Exercise objective
If a line below falls between the line with "Eloise' Studded Leather" and the line with "Dessert molds in", or is one of those two, output it exactly; output nothing else and no pictures.

Data in this exercise

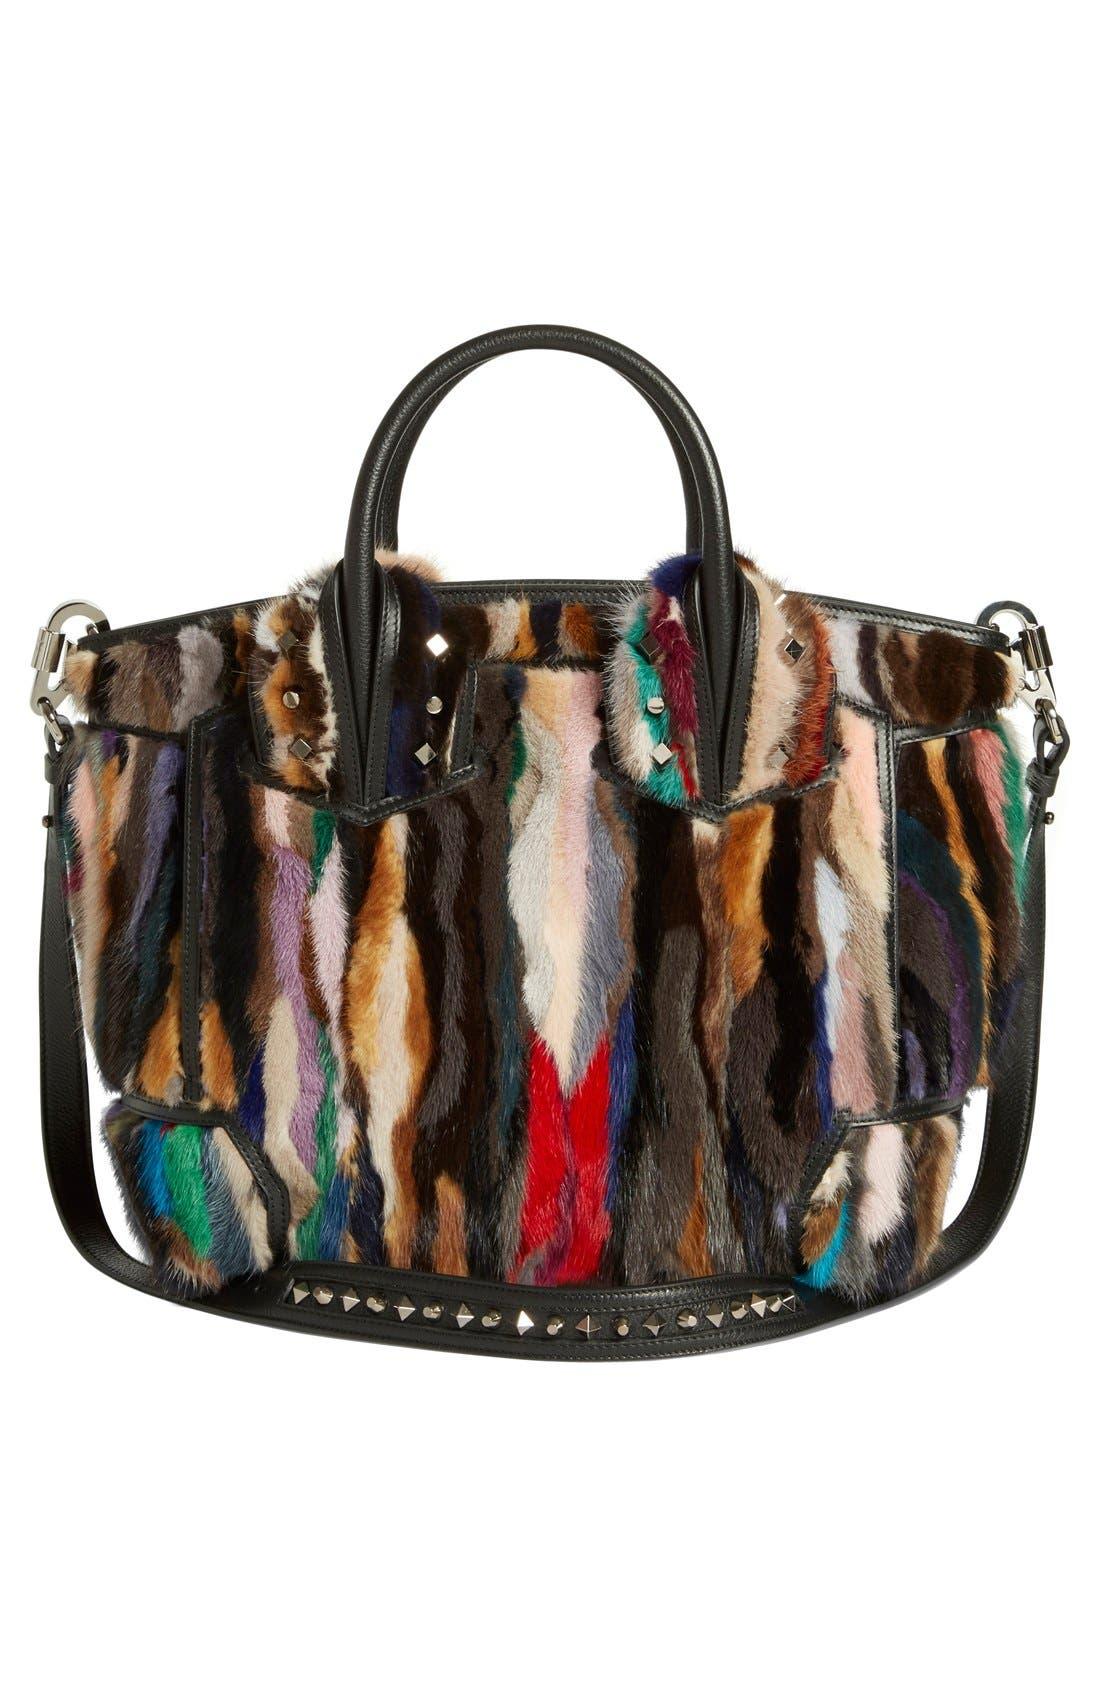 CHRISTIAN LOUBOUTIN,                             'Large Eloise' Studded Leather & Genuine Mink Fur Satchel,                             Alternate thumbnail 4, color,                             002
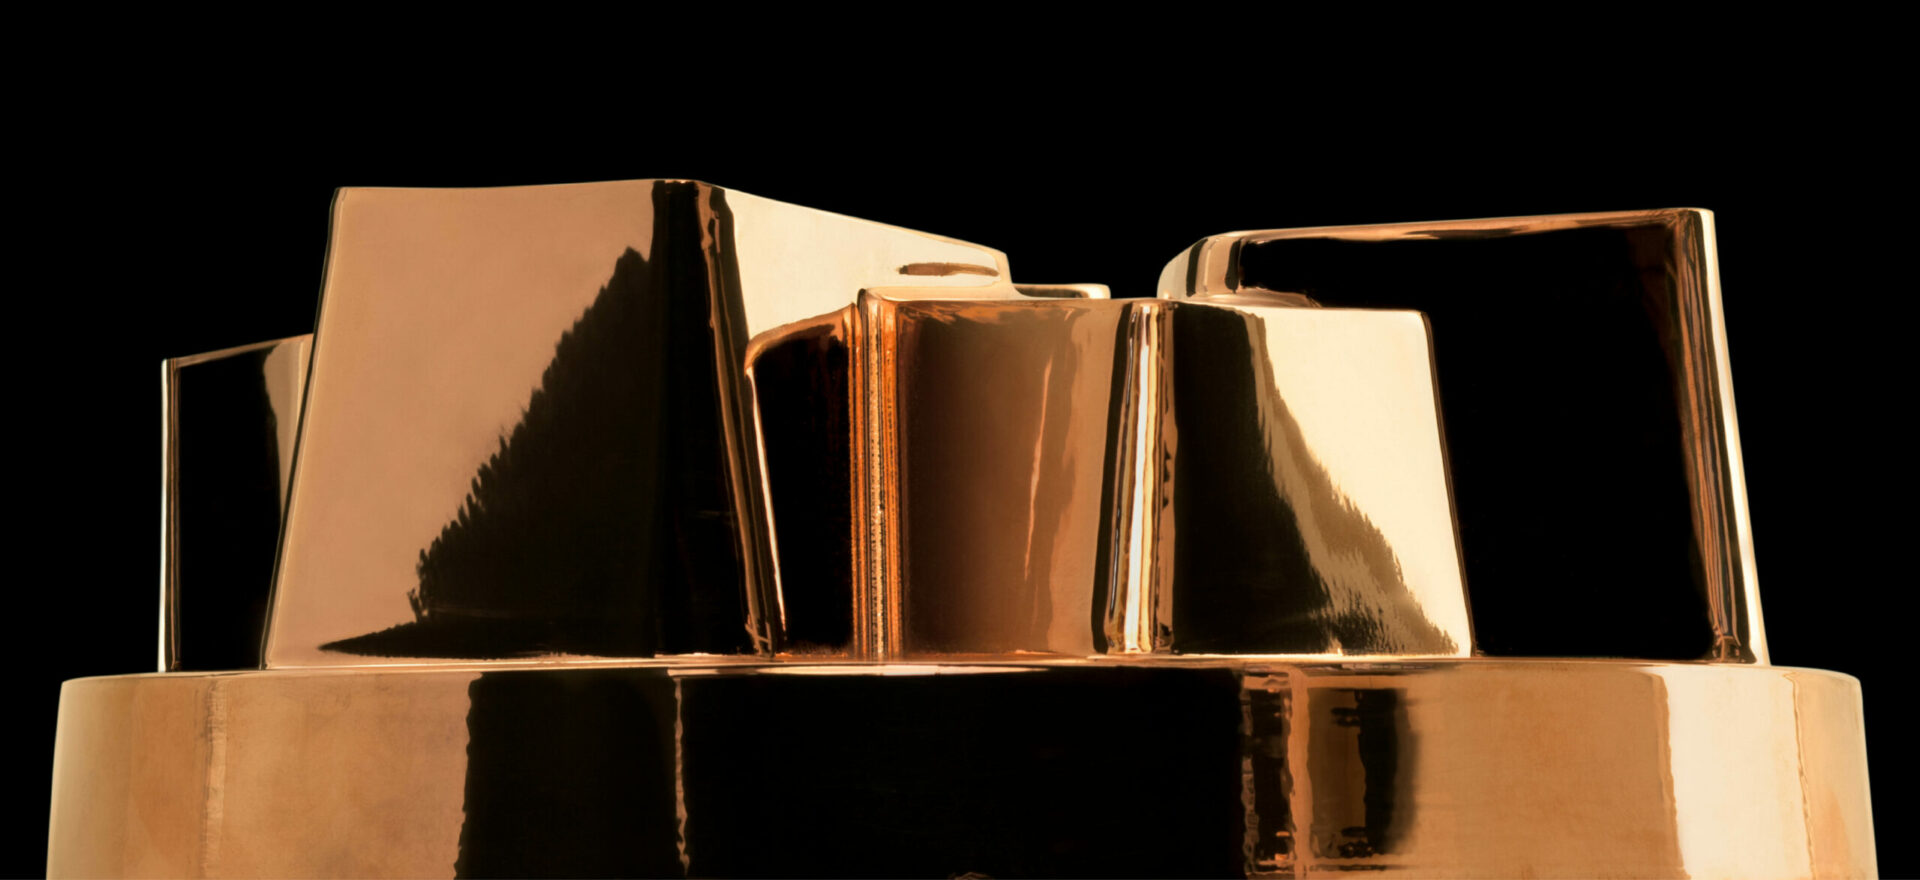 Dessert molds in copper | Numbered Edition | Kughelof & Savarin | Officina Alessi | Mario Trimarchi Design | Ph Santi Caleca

---

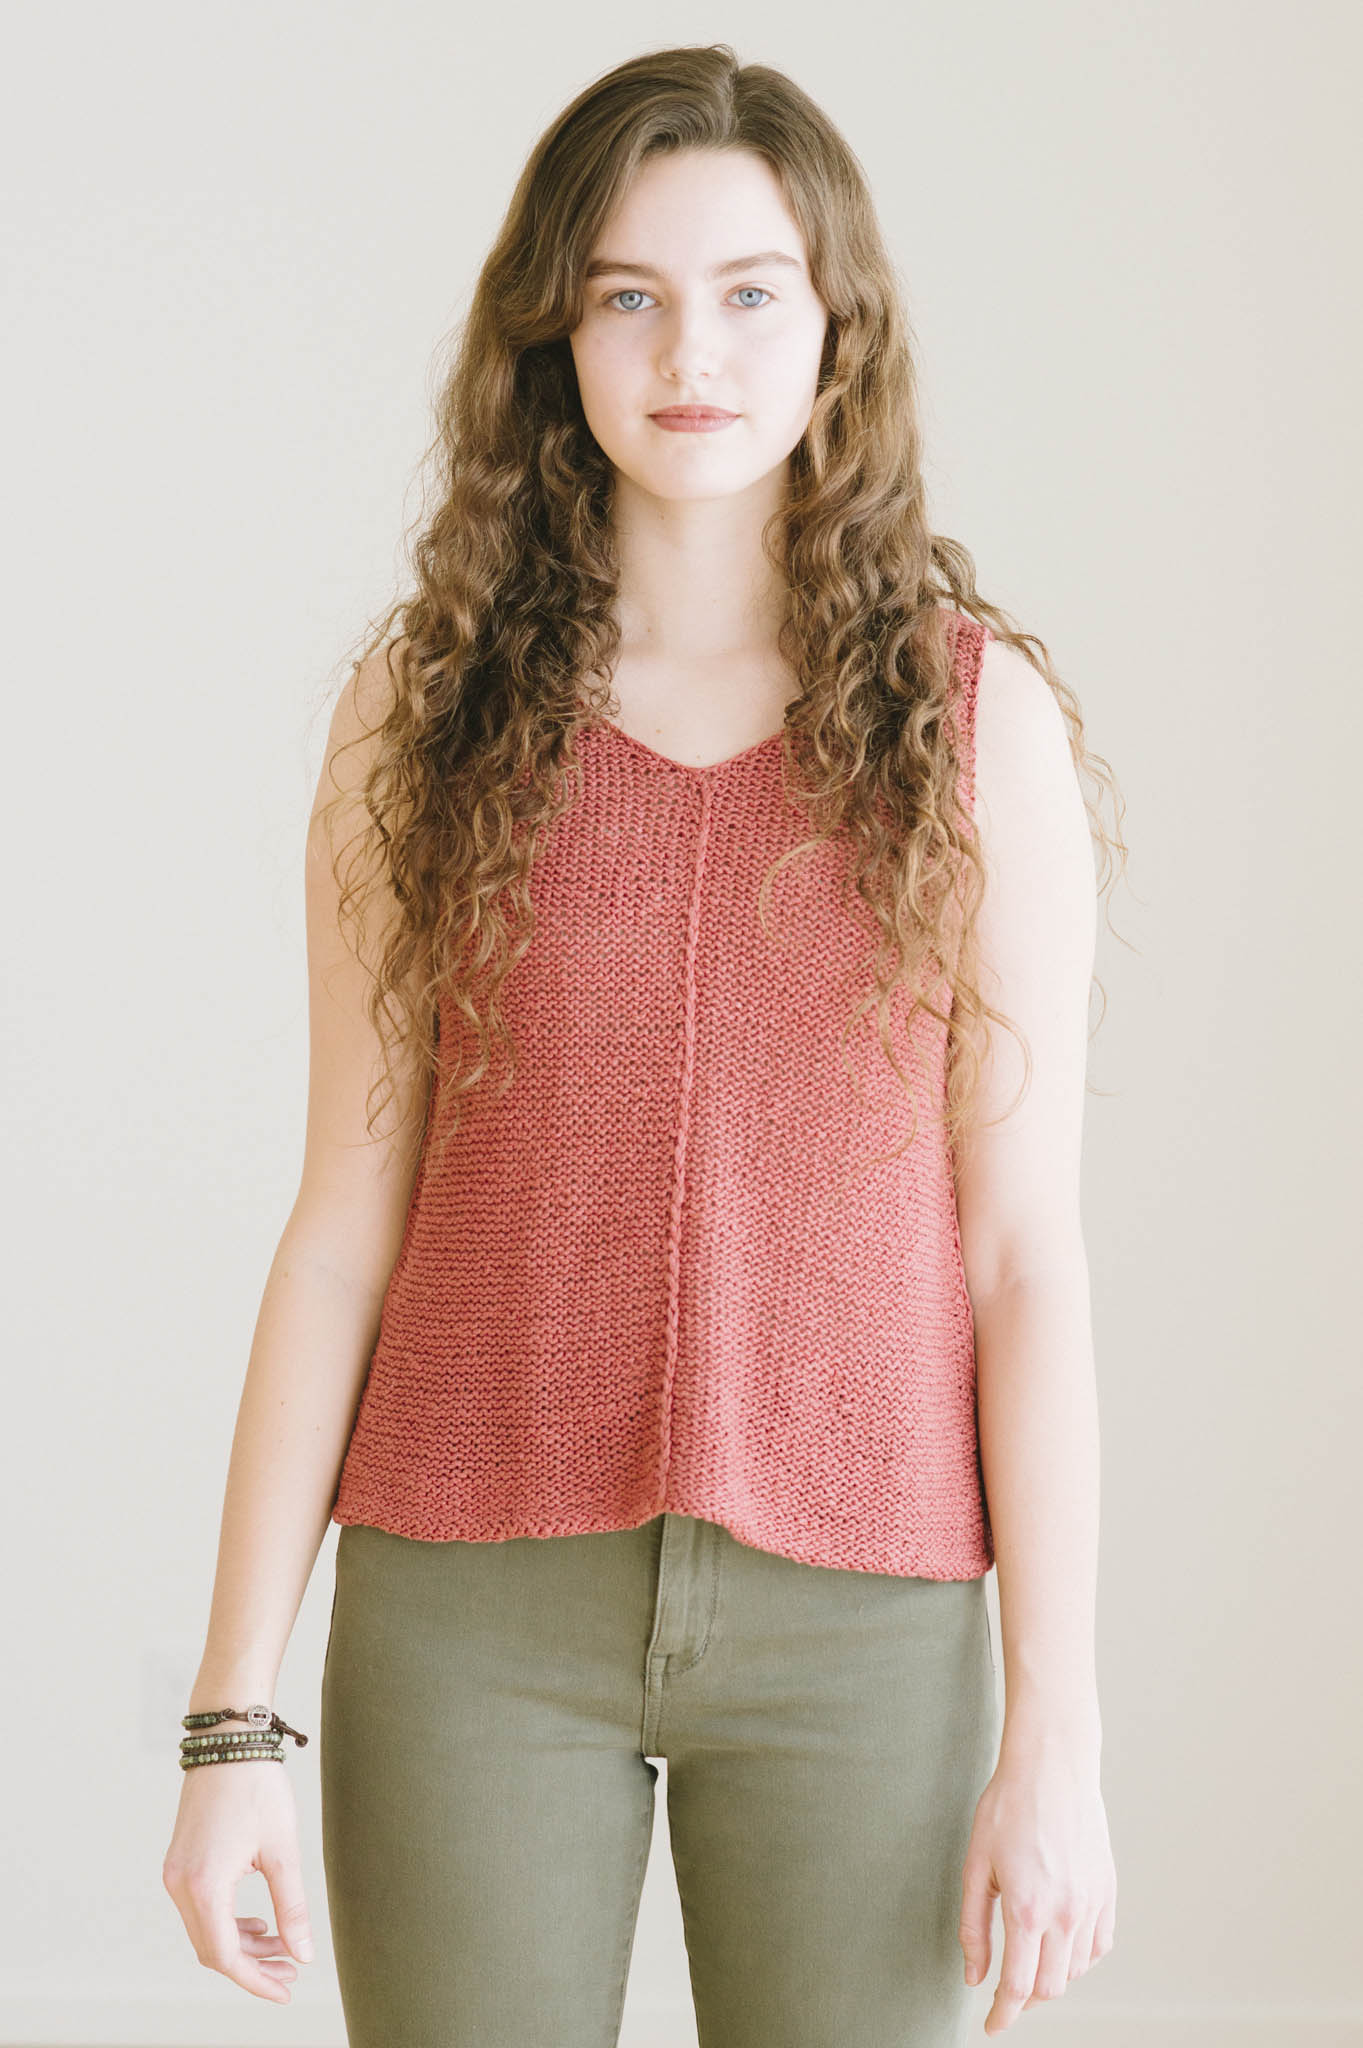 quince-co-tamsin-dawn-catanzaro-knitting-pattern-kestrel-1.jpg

Answer to this task
 CHRISTIAN LOUBOUTIN,                             'Large Eloise' Studded Leather & Genuine Mink Fur Satchel,                             Alternate thumbnail 4, color,                             002
 Dessert molds in copper | Numbered Edition | Kughelof & Savarin | Officina Alessi | Mario Trimarchi Design | Ph Santi Caleca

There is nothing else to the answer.